Appendix 3: List of bonds used in analysis
See Table 13
Appendix 4: Estimation results
Appendix 5: Simulation algorithm
For the structural model, paths of the short rate and the leverage ratio are simulated where default occurred at the first time when the log-leverage is larger than zero (leverage is greater than or equal to 1).

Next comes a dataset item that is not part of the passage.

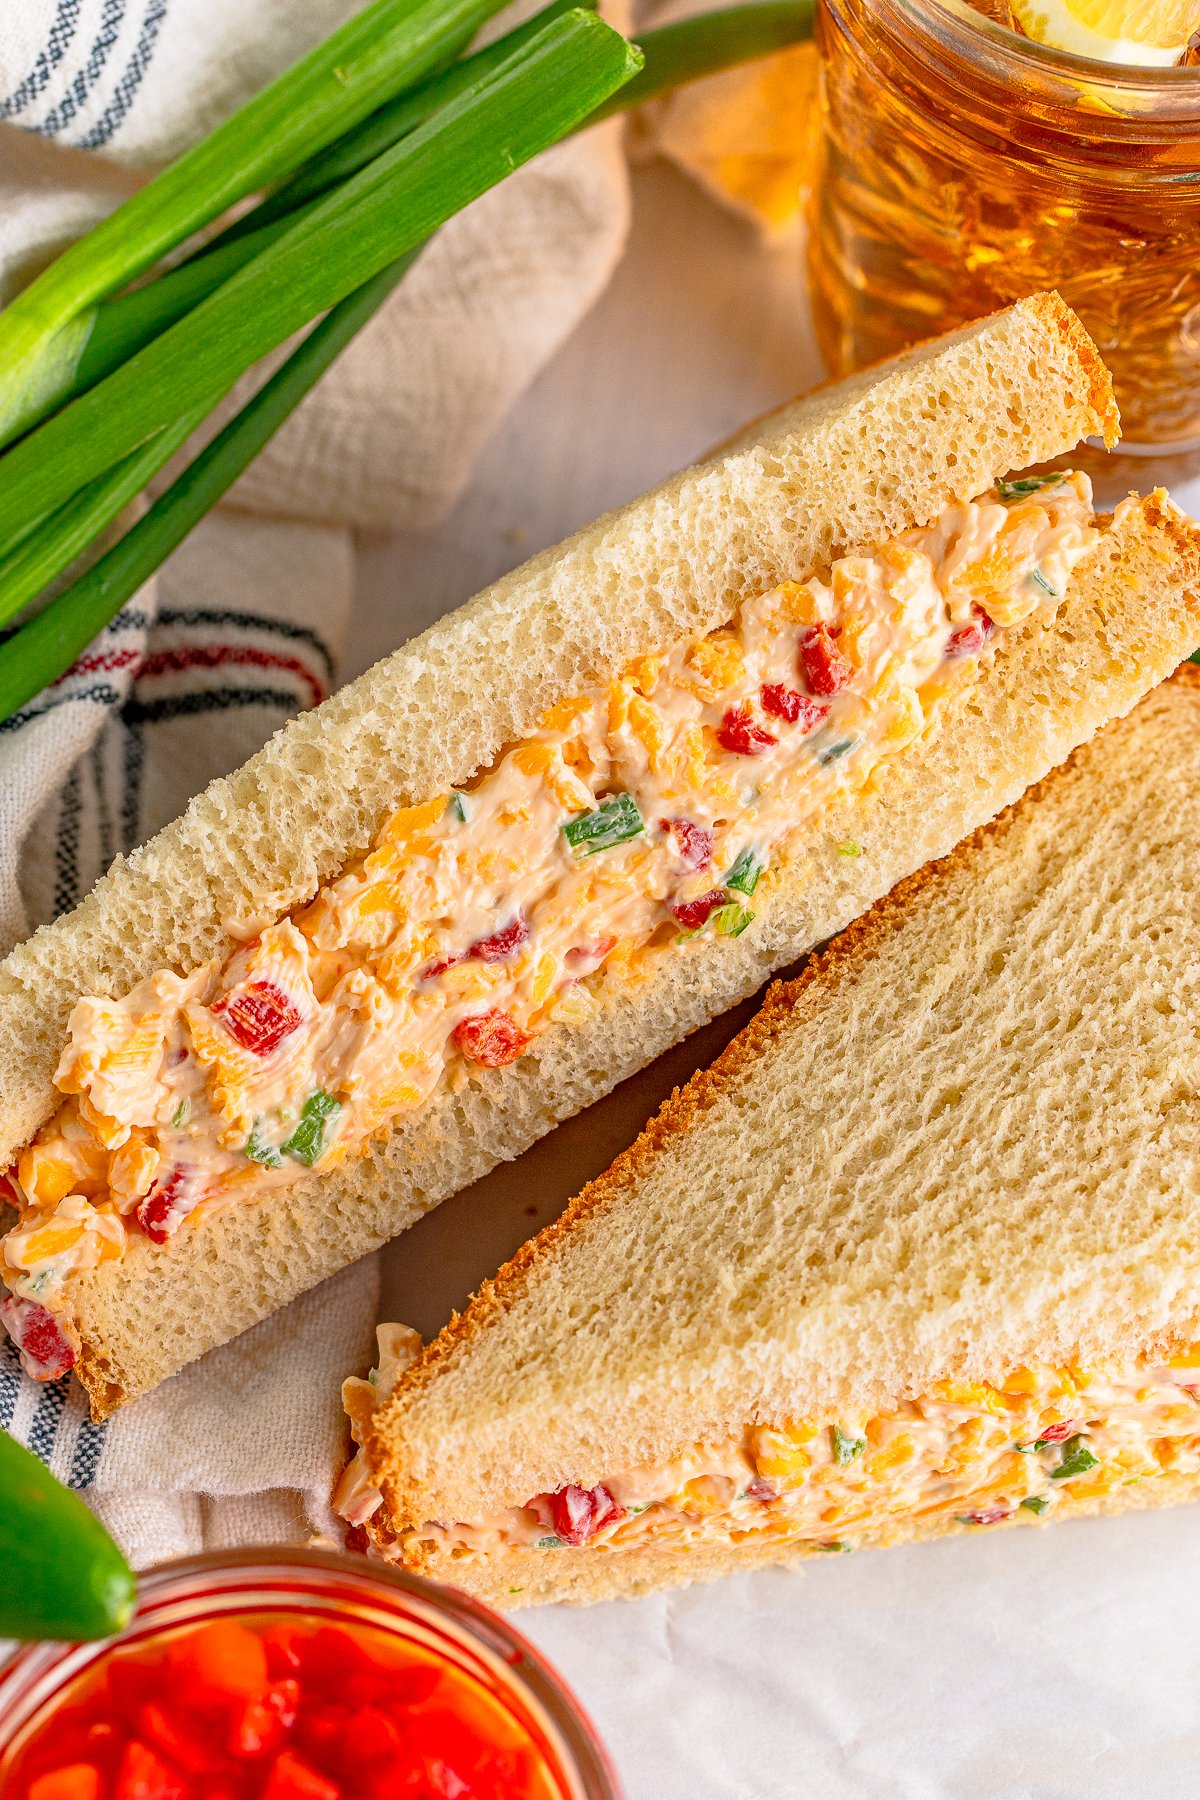 Pimento Cheese Recipe in sandwich with one cut side facing up showing filling.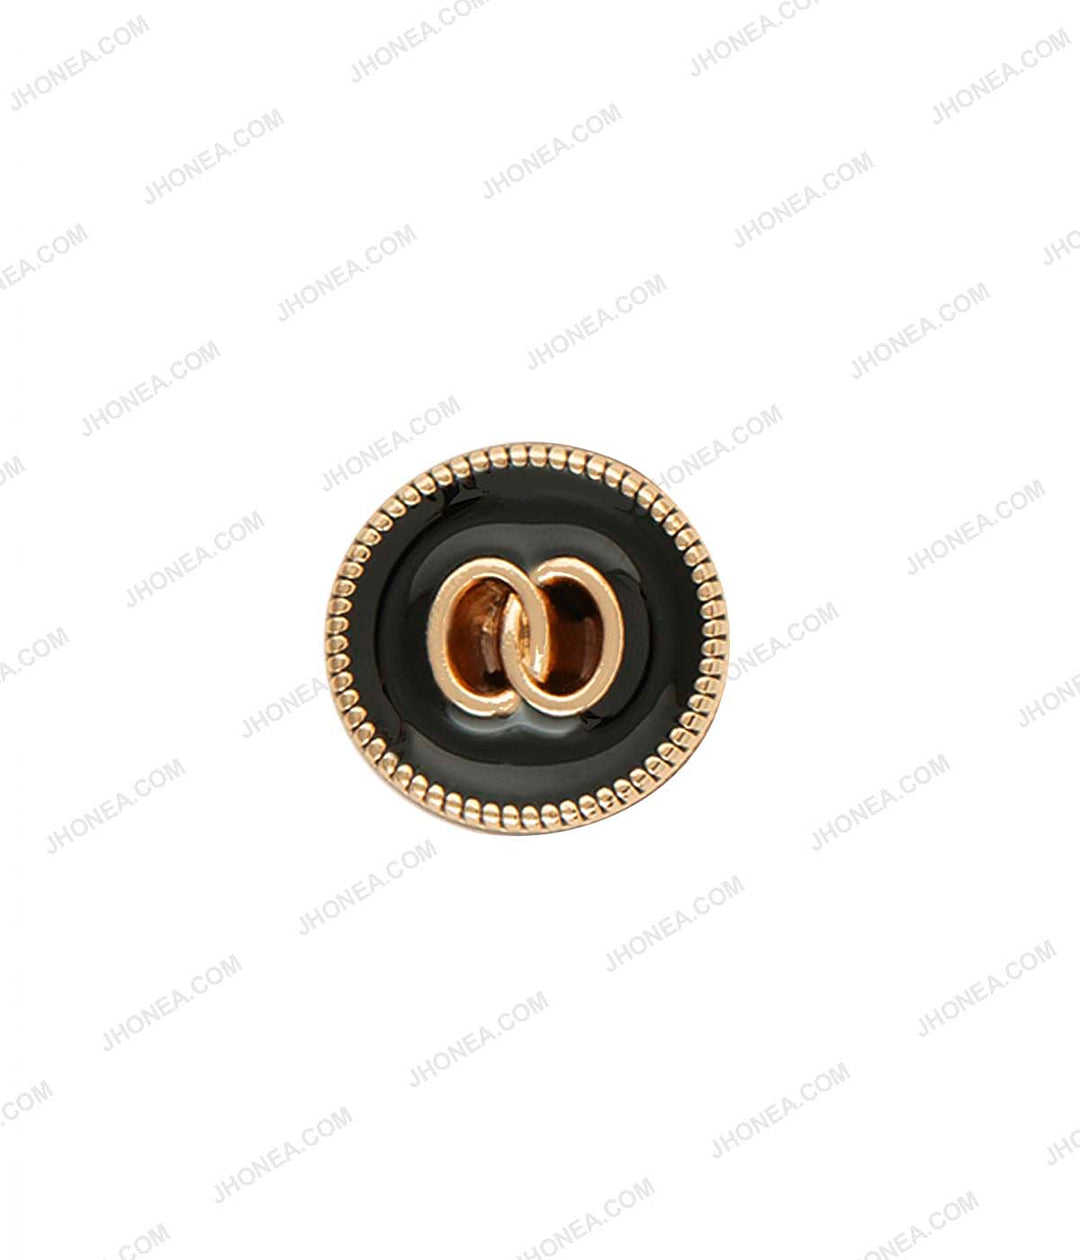 Fancy Decorative Enamel Surface 10mm (16L) Party Wear Shirt Buttons in Gold with Black Color

For a typical 5-year horizon of the maturity of the CDS, the simulation algorithm generates paths and at each time point the log-leverage is checked for whether it has a value higher than zero:
-
(i)
At first step, the short rate is simulated using an Euler discretization of the Vasicek process: Start with \(r_{t}=r_0\), and generate \(r_{t+1}\) through
$$\begin{aligned} r_{t+1}=r_t+ \kappa _r(\theta _r-r_t)\Delta t + \sigma _r \sqrt{\Delta t} \epsilon ^1_t \end{aligned}$$(39)where \(\epsilon ^1_t \sim N(0,1)\).
-
(ii)
Substitute the simulated \(r_{t+1}\) into
$$\begin{aligned} \theta _l(r_{t+1})=-\bar{\nu }-\frac{r_{t+1}}{\kappa _l} \end{aligned}$$(40) -
(iii)
Generate \(l_{t+1}\) through Euler discretization of the leverage process:
$$\begin{aligned} l_{t+1}=l_t+ \kappa _l(\theta _l-l_t)\Delta t- \sigma _v \sqrt{\Delta t}(\rho \epsilon ^1_t+\sqrt{1-\rho ^2}\epsilon ^2_t) \end{aligned}$$(41)Here, note that the Brownian motions of the two processes are correlated with a factor of \(\rho \) and \(\epsilon ^2_t \sim N(0,1)\).
-
a.
If \(l_{t+1} < 0 \) (log leverage having a negative sign) then no default occurs. The CDS premiums up to this time point are cumulated, when a quarter is complete (typical quarterly payments is assumed). This accumulation constitutes the “Premium Leg” of a CDS.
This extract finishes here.